Ele se virou e olhou para Raeleigh. “Não vamos perder desta vez.”

Raeleigh sentou-se na cama. "Deixe Cynthia ir e eu ficarei."

Jepherson fez uma pausa e olhou para Raeleigh. "Por que?"

Raeleigh não respondeu. Ele perguntou: "Por que você está mentindo para mim?"

Ela permaneceu em silêncio.

Com certeza, ninguém poderia esconder nada dele.

Ela continuou sentada ali, sem palavras, enquanto Jepherson dizia: "Como eu gostaria que tudo isso fosse real."

"Ele é realmente tão maravilhoso? Maravilhoso o suficiente para fazer você querer tanto voltar para lá?"

Raeleigh não respondeu. Ela sentou-se lá com a cabeça baixa. Jepherson esperou que ela dissesse alguma coisa, mas ela não sabia o que dizer.

Eles continuaram sentados em silêncio até a noite cair.

Quando o céu ficou completamente escuro, Stuart bateu na porta.

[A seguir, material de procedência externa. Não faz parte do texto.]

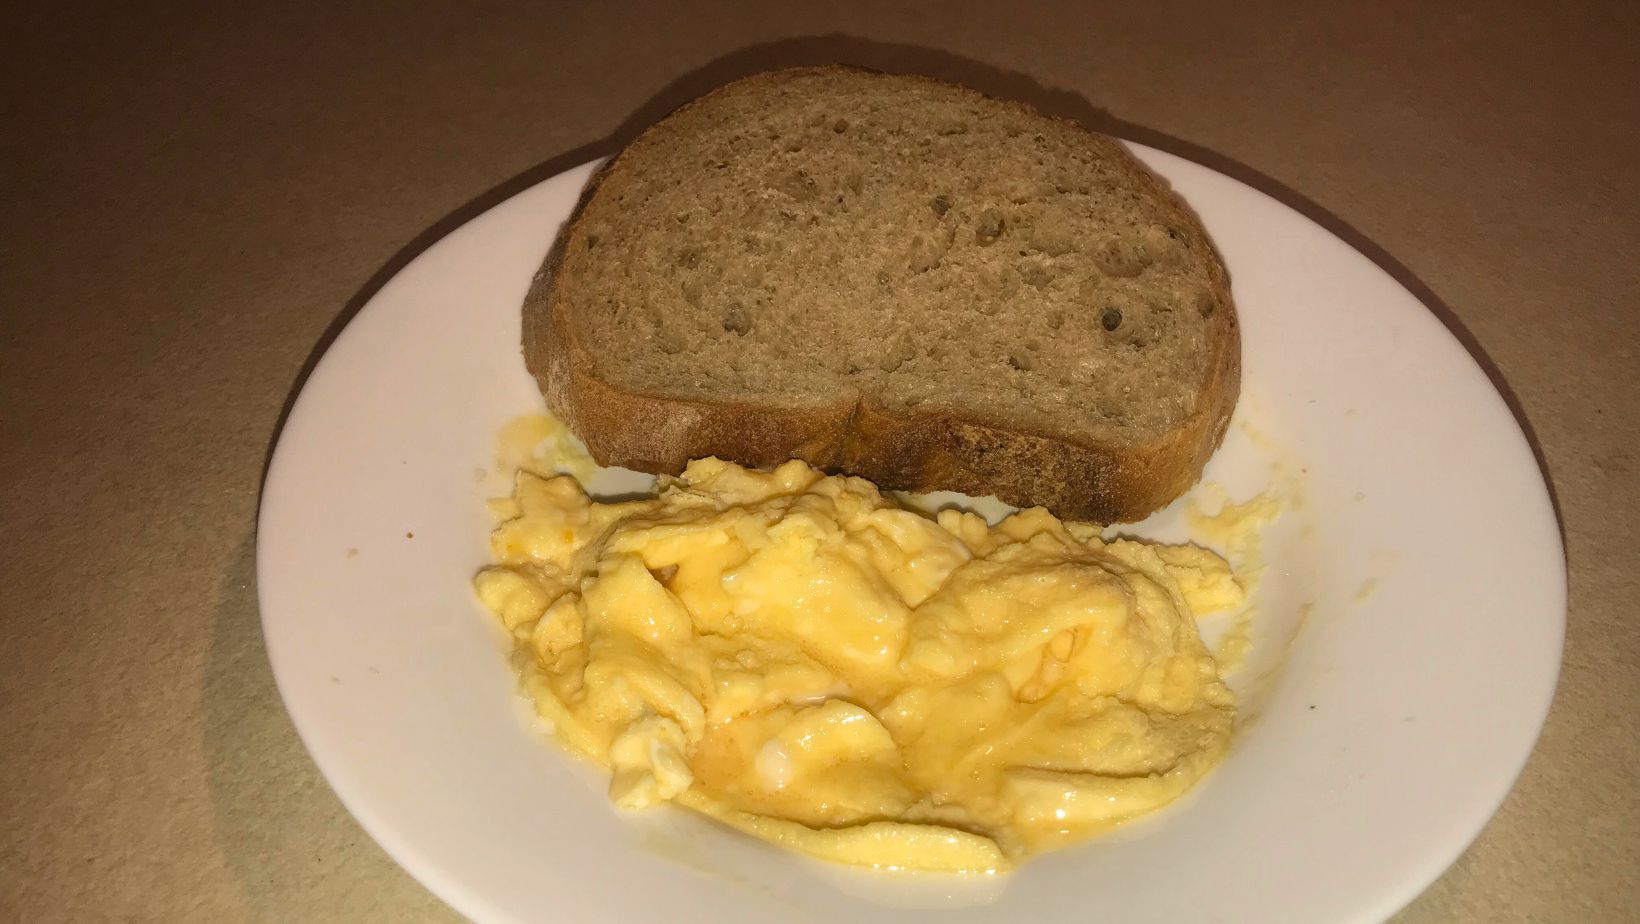 Kemény sült tojás mikróban – Mikrós tojásrántotta recept
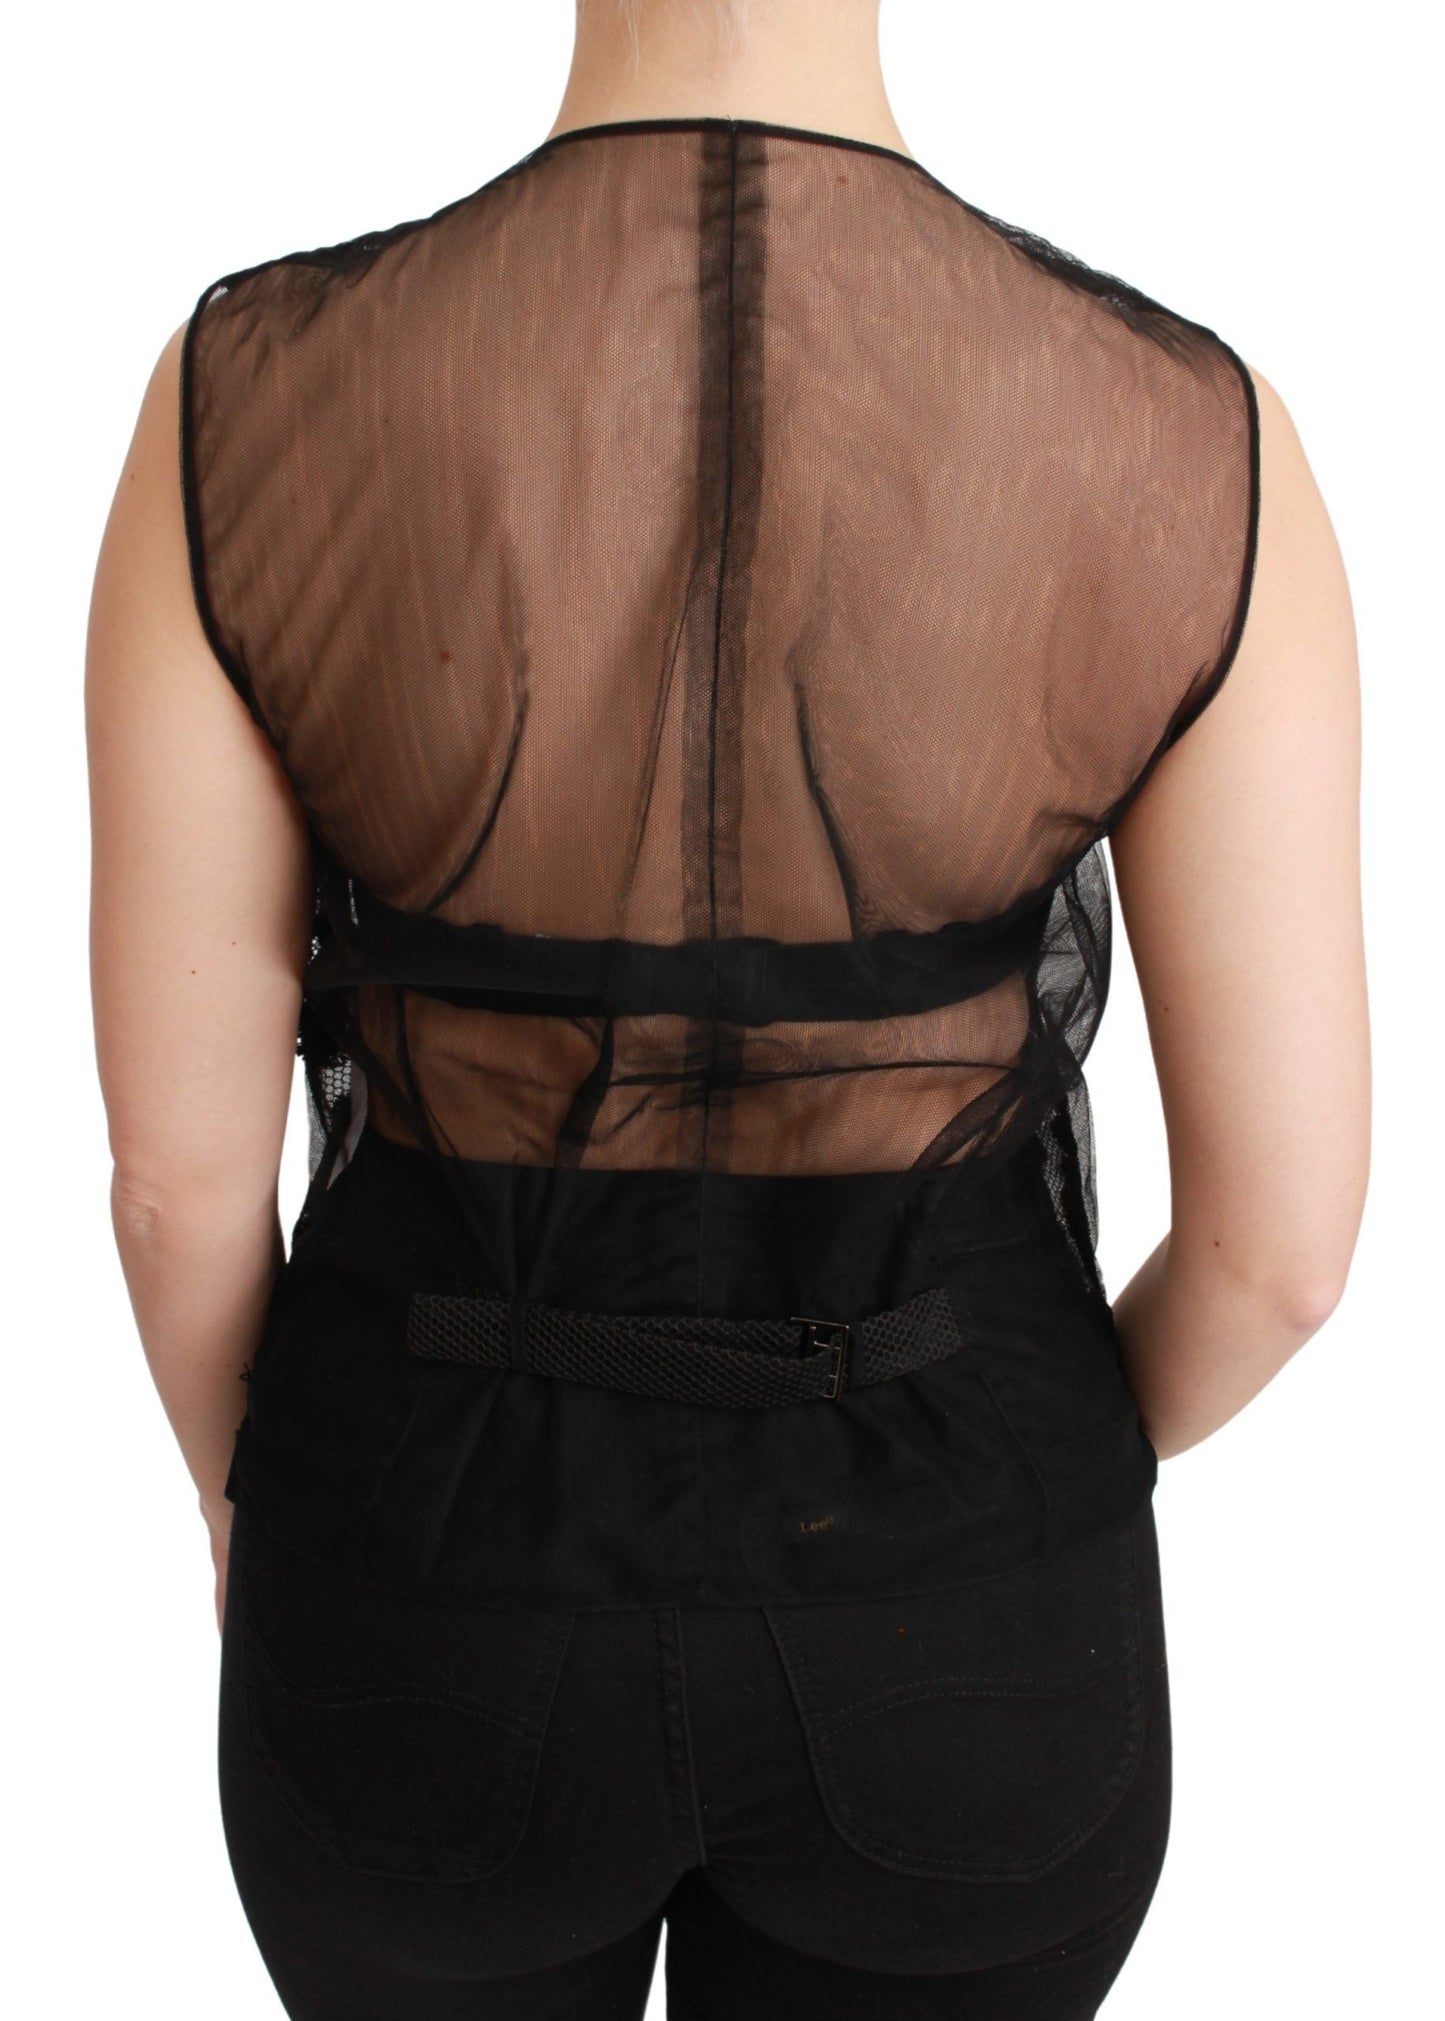 Dolce & Gabbana Elegant Floral Black Silk Blend Vest

Quando soube que algo havia acontecido, ele imediatamente correu depois de embrulhar suas coisas.

Jepherson foi abrir a porta. Quando viu Stuart, perguntou: "O que você está fazendo aqui?"

Stuart ficou ligeiramente atordoado. "Ouvi dizer que algo aconteceu?"

“Estou bem enquanto estiver vivo. Volte quando eu estiver morto.”

Com um estrondo, Jepherson bateu a porta. Raeleigh o observou da cama, sentindo-se bastante divertida.

Seu estômago roncou e ela saiu da cama para pegar algo para comer. Jepherson segurou a mão dela, querendo sair.

“Esta é realmente a hora de sair para comer?”

"Então você prefere morrer de fome?"

Jepherson a arrastou para jantar, independentemente de sua vontade.

Como estavam lá fora, foram ver um filme depois do jantar.

Foi só quando saíram do cinema que Raeleigh viu o carro da família Moore estacionado na entrada.

"Ele ainda não desistiu."

Raeleigh olhou para Jepherson e estendeu a mão para endireitar um botão perto de seu peito.

Jepherson segurou a mão dela. “Algumas pessoas adoram cobiçar o que pertence aos outros e não conseguem aceitar isso quando outros estão vivendo uma vida melhor.”

...

"Mas se você não tiver coragem de ficar comigo, Raeleigh, quem mais terá?"

Raeleigh olhou para ele. "É solitário no topo?"

Jepherson cerrou os dentes. "Se eu te dissesse que estou muito sozinho, você ficaria?"

Raeleigh balançou a cabeça. Jepherson sorriu amargamente. "Eu não estou sozinho, então."

Suas mãos tremiam ligeiramente. “Não há necessidade de você ser assim. Você pode viver uma vida boa sem mim.”

"Eu caí muito fundo e não consigo mais me afastar. Você ainda se lembra do avô e da mãe de Flynt?"

"A família Cook costumava ser uma força a ser reconhecida nesta região, e eles até tinham a família Moore ao seu lado. No final, porém, eles ainda acabaram sem nada."

"A família Richards pode não ser tão numerosa, mas este não é um jogo que podemos perder. Poderíamos ter uma saída se dermos um passo atrás, mas isso não significa necessariamente que nossos inimigos sejam disposto a nos deixar fora de perigo."

Jepherson estava cheio de um desamparo sem fim. “Eu quero poder dormir profundamente à noite também, mas só posso fazer isso com você por perto, Raeleigh. Quando estou sozinho, meu mundo fica cheio de nada além de escuridão, e não consigo nem ver onde estão meus inimigos. estão vindo."

"Não estou fazendo isso por capricho, nem é porque eu mesmo não me conheço."

“É que... eu não tenho coragem, nem tenho liberdade de simplesmente ir embora quando eu quiser, nascer neste mundo e ser pego nesse redemoinho.”

“Tudo o que posso fazer é lutar contra a corrente e assumir o controle de toda a situação para poder proteger as pessoas que quero”.

"Exatamente como aconteceu ontem."

"Vale a pena?" Raeleigh perguntou a ele. Ele não respondeu, mas seu olhar era firme.